Industrial grade data storage for medical applications

Industrial grade data storage for medical applications

Industrial Grade Data Storage for Medical Applications

There are a wide range of healthcare devices that require the ability to store valuable data. For example, diagnostics and imaging to monitor patients and record information like blood pressure and heart rates. Other devices that play a more active role in supporting the patient such as wearables, pacemakers or drug delivery systems similarly demand the reliable processing of data. Since lives and patient safety are dependent on these devices, they require industrial grade storage to provide the required levels of data reliability and longevity. Overall, there are a growing number of applications in the medical industry where the efficient safekeeping, access and analysis of data are critical in enhancing quality of life. These devices need to be designed with reliability in mind and need to be secure against cyber-attacks.

The most frequently used form of non-volatile storage for these devices is NAND flash memory. This is particularly suitable for industrial storage because unlike hard-disk drives, it has no moving parts and is not as sensitive to mechanical shock or vibration. It is also less affected by magnetic fields. However, using flash memory presents some specific challenges that need to be managed in order to ensure reliable operation and good storage life. A high-quality flash memory controller is essential to the success of NAND flash-based storage in medical technology. It is the key component ensuring the reliability of the device and carries out a number of features to avoid data loss and process data efficiently.

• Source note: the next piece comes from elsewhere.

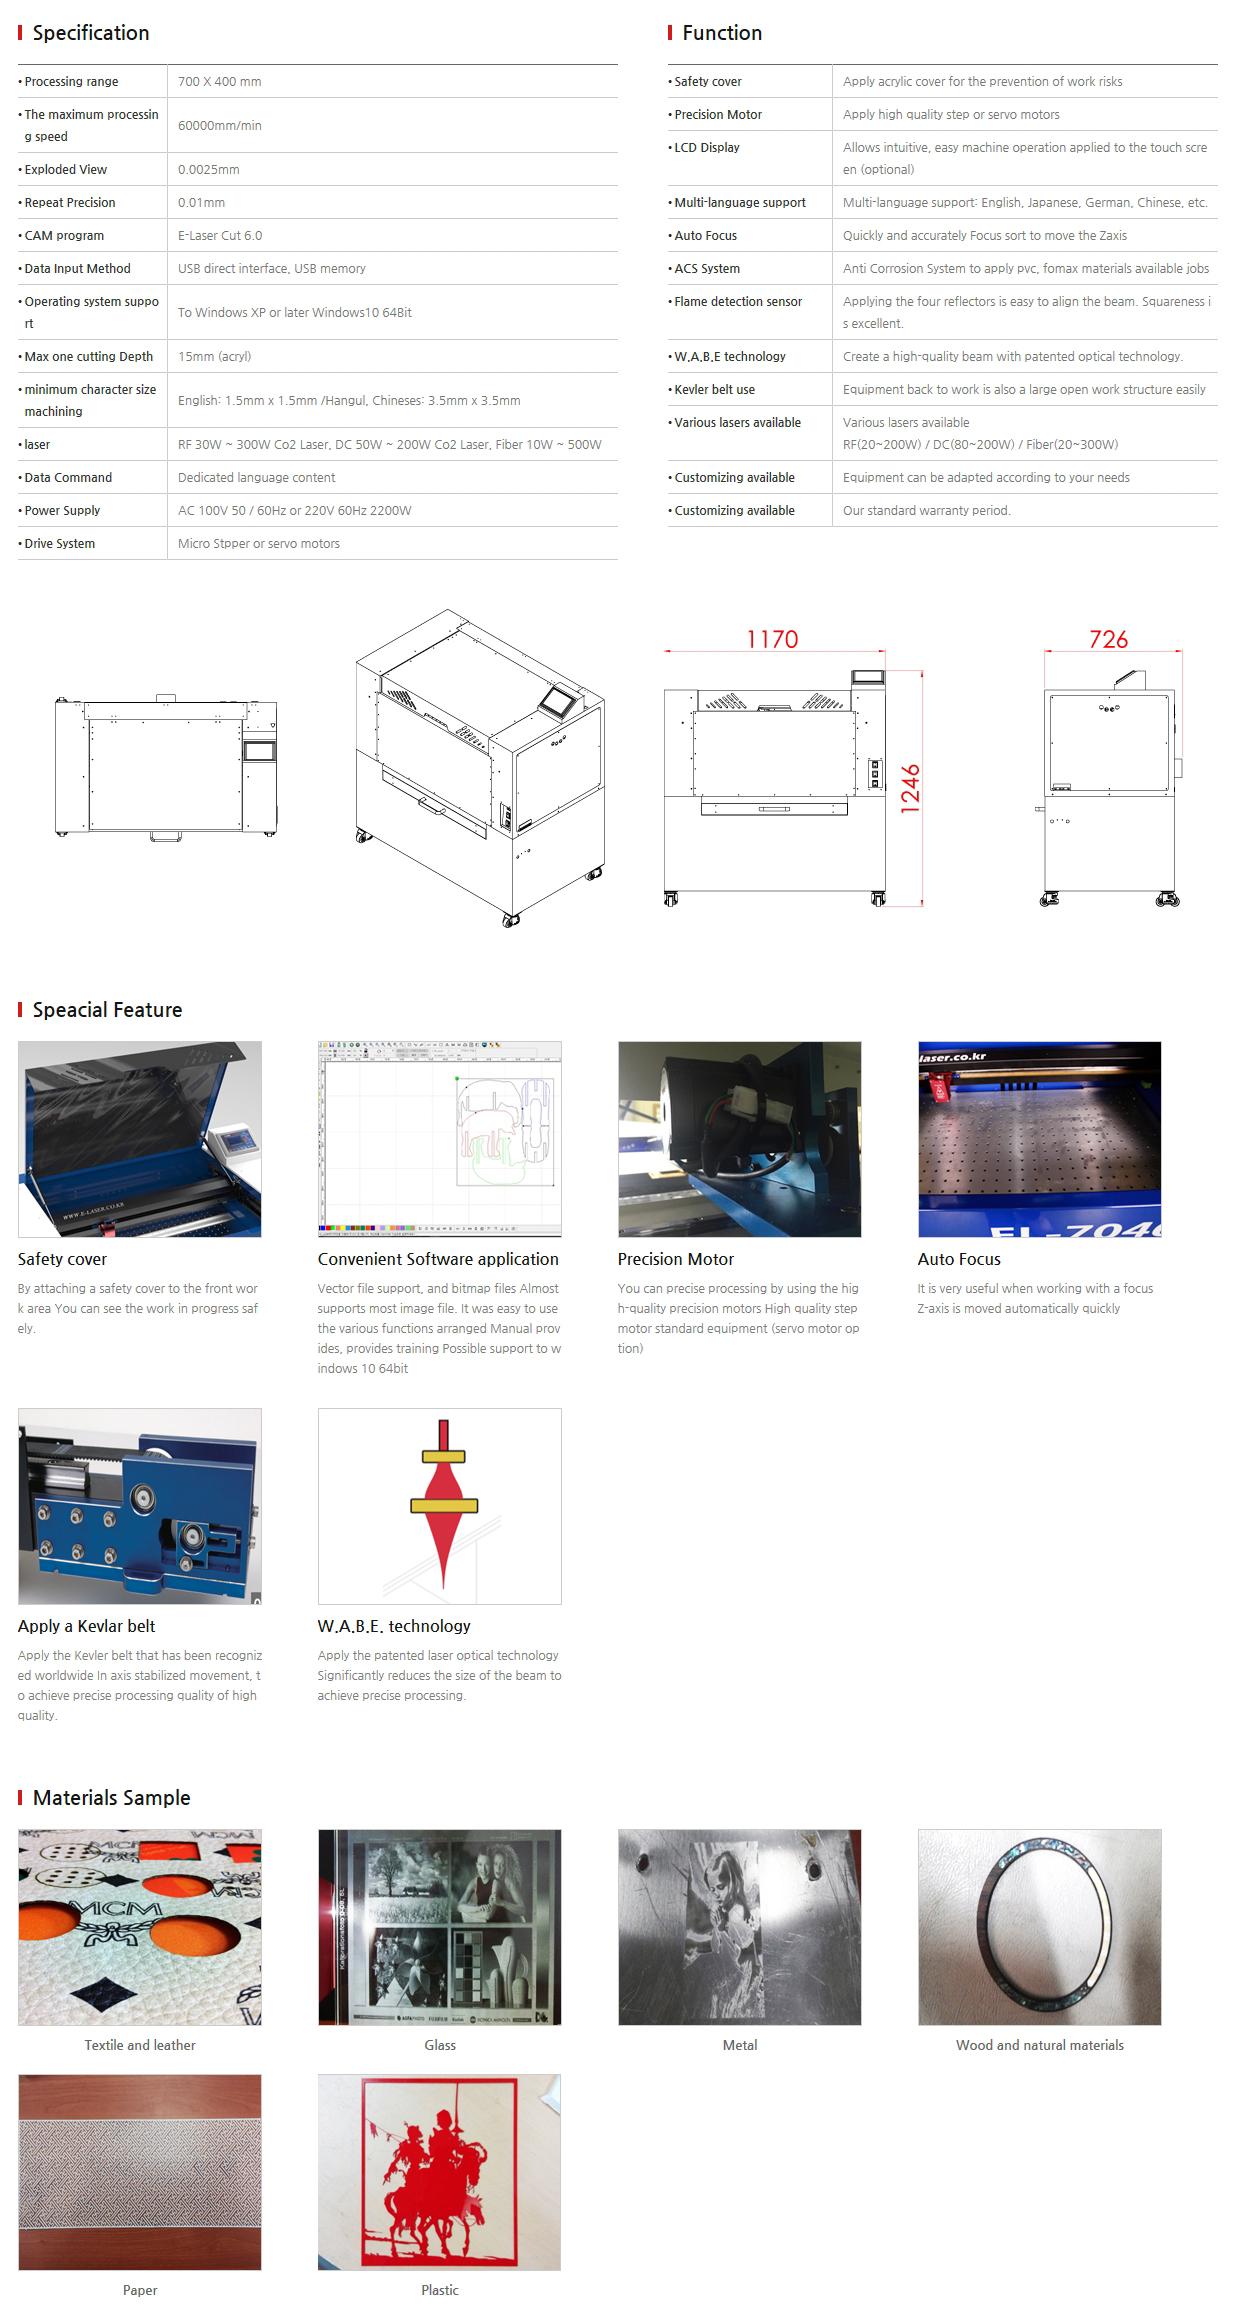 E-LASER Laser Cutting (Only non-metal) EL-7040 LK

How do flash memory controllers handle errors and power failures differently?

Error Correction Codes (ECC) are responsible for the detection and correction of errors on the flash memory. Nonetheless, there will always be a number of errors when reading from memory. The quality of the ECC heavily impacts the reliability of a system overall.

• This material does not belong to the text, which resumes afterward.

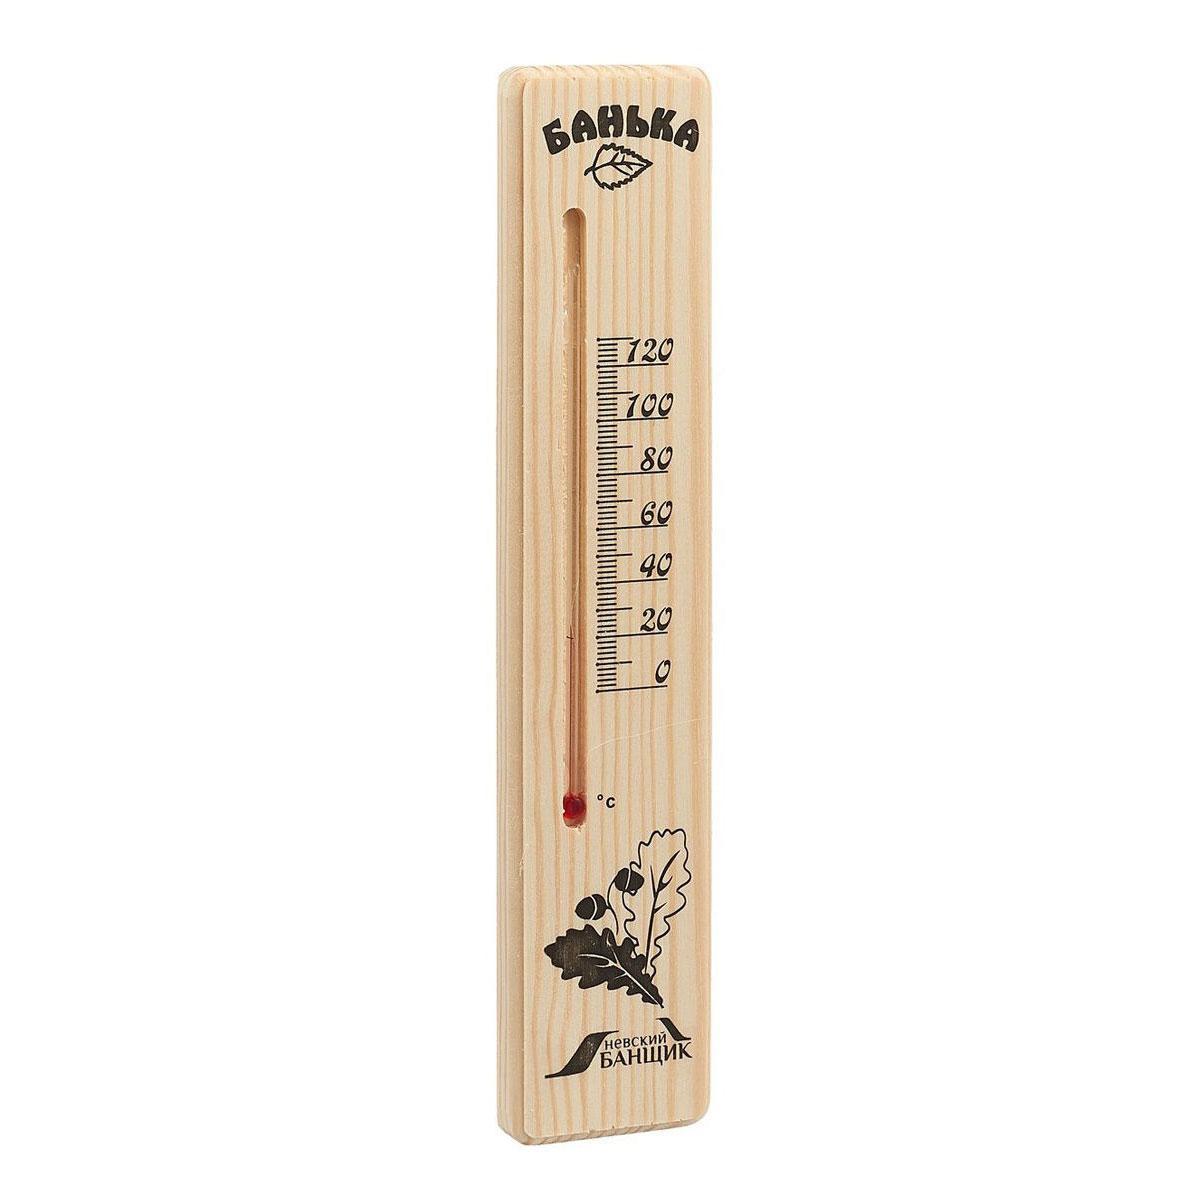 "Жидкостный термометр для бани ""Классика"", большой"

Certain controllers like those from Hyperstone come with a whole ecosystem of features and processes (FlashXE®) that start preventing errors before the system is even designed. This feature set targets the lowest error rates through error avoidance and correction. Hyperstone controllers use an advanced type of ECC where the error floor can be guaranteed which is especially important for application which require a very low probability of failures To learn more about Hyperstone error correction coding and the FlashXE® ecosystem, download the educational white papers available on the website.

Maximum uptime is very important in medical applications. This is because practioners rely on up-to-date information to deliver the best possible care. If there’s an unexpected loss of power, it is the flash memory controller’s responsibility to ensure the storage system does not compromise or lose data. Writing to flash memory and other operations, such as wear leveling, require data to be held in the SRAM temporarily. This data can be lost, or corrupted, if there’s a loss of power. Hyperstone controllers use several mechanisms to protect the storage system from losing data in the event of sudden power fail.

What’s the trade off?  

There are many other features and mechanisms flash memory controllers carry out that contribute to the reliability of flash memory. It must be kept in mind that managing all of these features effectively involves a tradeoff between performance and reliability. In medical environments, where sensitive data must be efficiently transferred without compromising reliability this is a balancing act.

The controller needs to be matched to the characteristics of the flash memory to ensure maximum reliability. The behavior of the flash memory will also change over time. A high quality flash memory controller should be able to adjust for this, in order to maximize the usable lifetime. To ensure that the controller provides the best results with any given flash memory, Hyperstone uses a rigorous qualification process and lifecycle testing to generate data about the flash memory. This qualification process determines the characteristics of each flash and in turn, allows engineers to optimally configure the controller’s firmware to maximize the reliability and lifetime of the memory device.

Ultimately, the controller is the key component for achieving high-quality flash storage by managing data transfers and “hiding” the inherent shortcomings of flash technology. Hyperstone NAND flash memory controllers make it possible to build safe and reliable storage for medical applications.